È semmai dopo la morte della bambina quasi a due terzi di film, che la narrazione vira sin troppo sul melò e si fa lineare, quando tra lui e lei ci si mette il senso di colpa, l’impossibilità di elaborare il lutto, l’incomprensione di due corpi che non riescono più a comunicare. Improvvisamente il corpo tatuato di Elise, adesso ribattezzata Alabama, diventa linguaggio dal codice cifrato: sotto i tatuaggi potrebbe a quel punto essere sepolta tutta una vita di sofferenze, così come nei testi delle folksongs di Didier è al contrario scoperta la voglia di urlare il disagio verso un mondo corrotto dall’ingiustizia.

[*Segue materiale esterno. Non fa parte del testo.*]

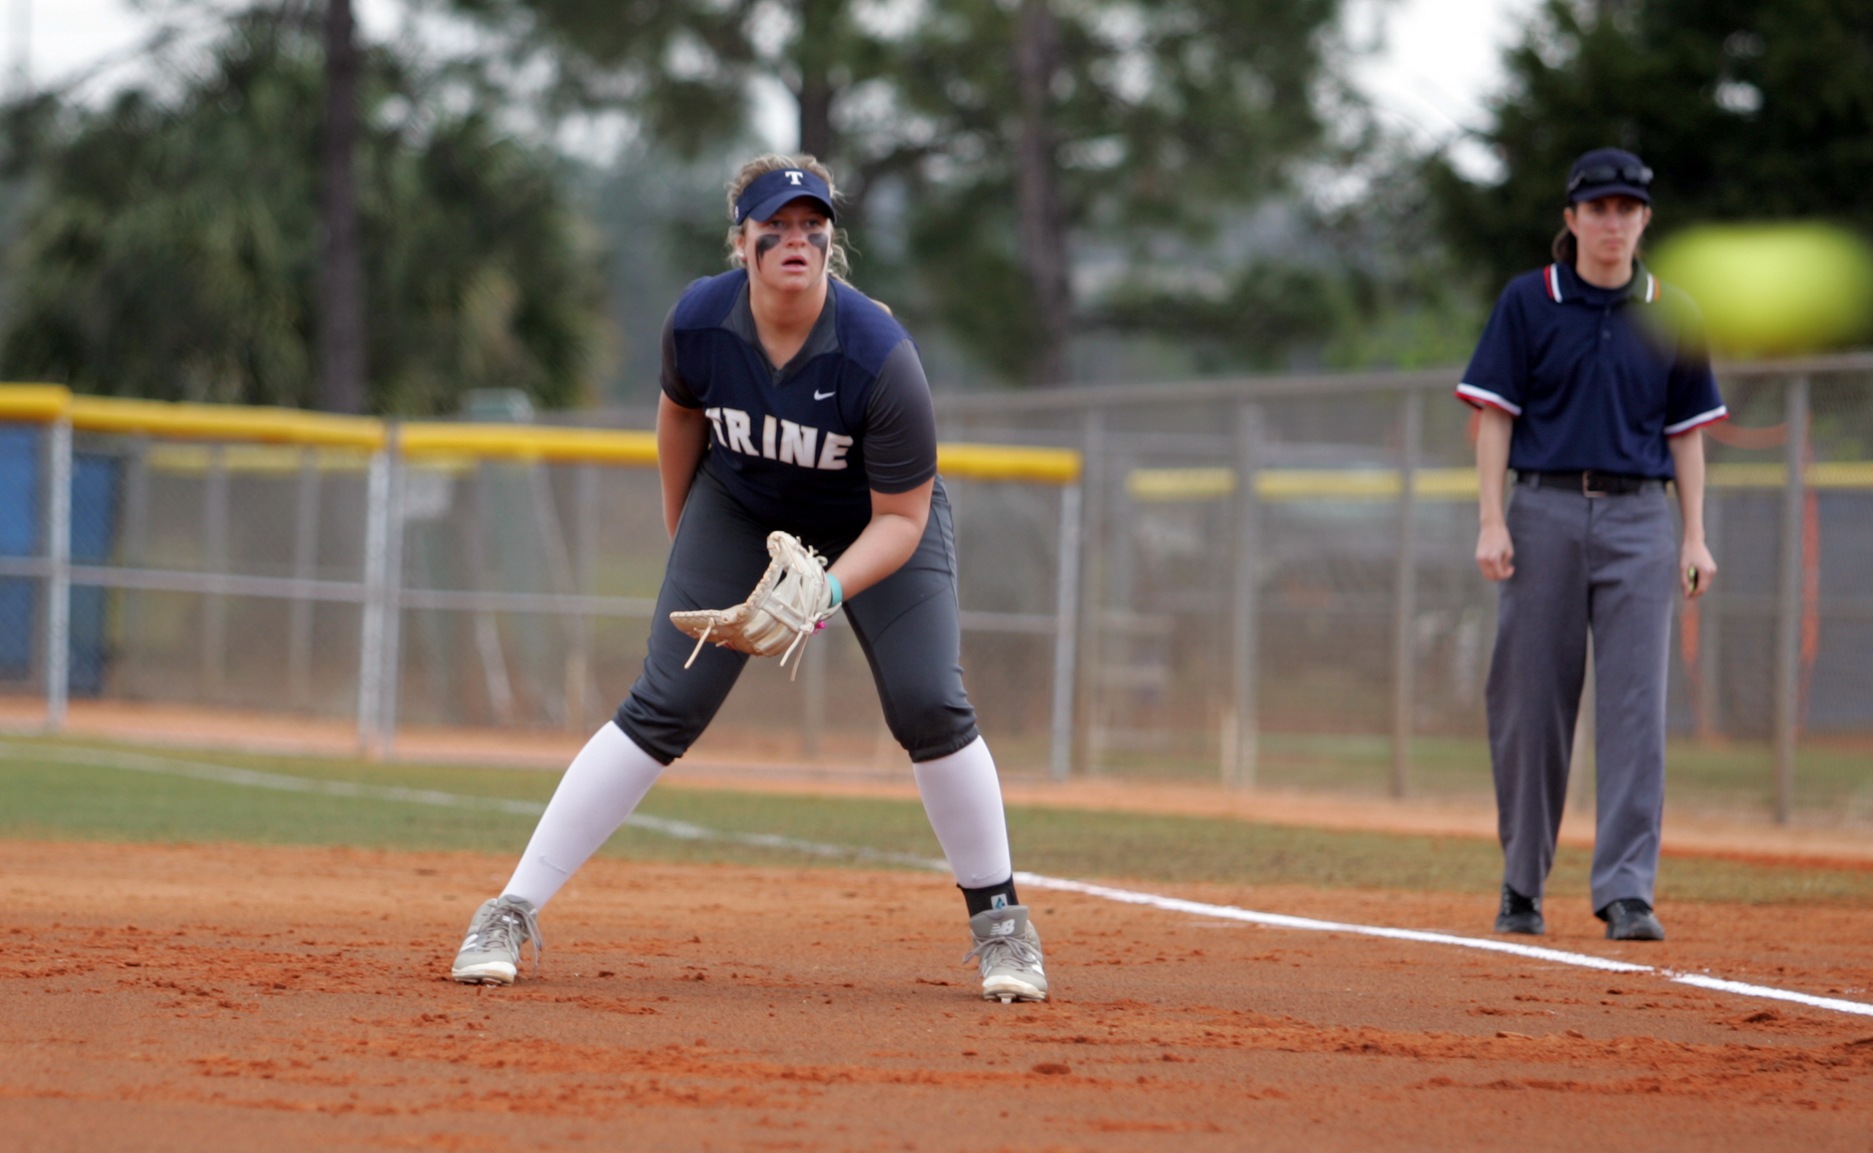 Fox Named to NFCA National Player of the Year Watchlist

Nel percorso autodistruttivo di Elise, che cancella anche il nome del compagno, Van Groeningen perde asciuttezza narrativa, esagerando a volte con dialoghi sin troppo descrittivi, lì dove sarebbero bastati i volti degli straordinari Veerle Baetens e Johan Heldenbergh (autore tra l’altro della pièce teatrale all’origine di Alabama Monroe).

 Vera Mandusich

Alabama Monroe

Regia: Felix Van Groeningen. Fotografia: Ruben Impens. Montaggio: Nico Leunen. Interpreti: Veerle Baetens, Johan Heldenbergh, Nell Cattrysse. Origine: Belgio, 2013. Durata: 111′.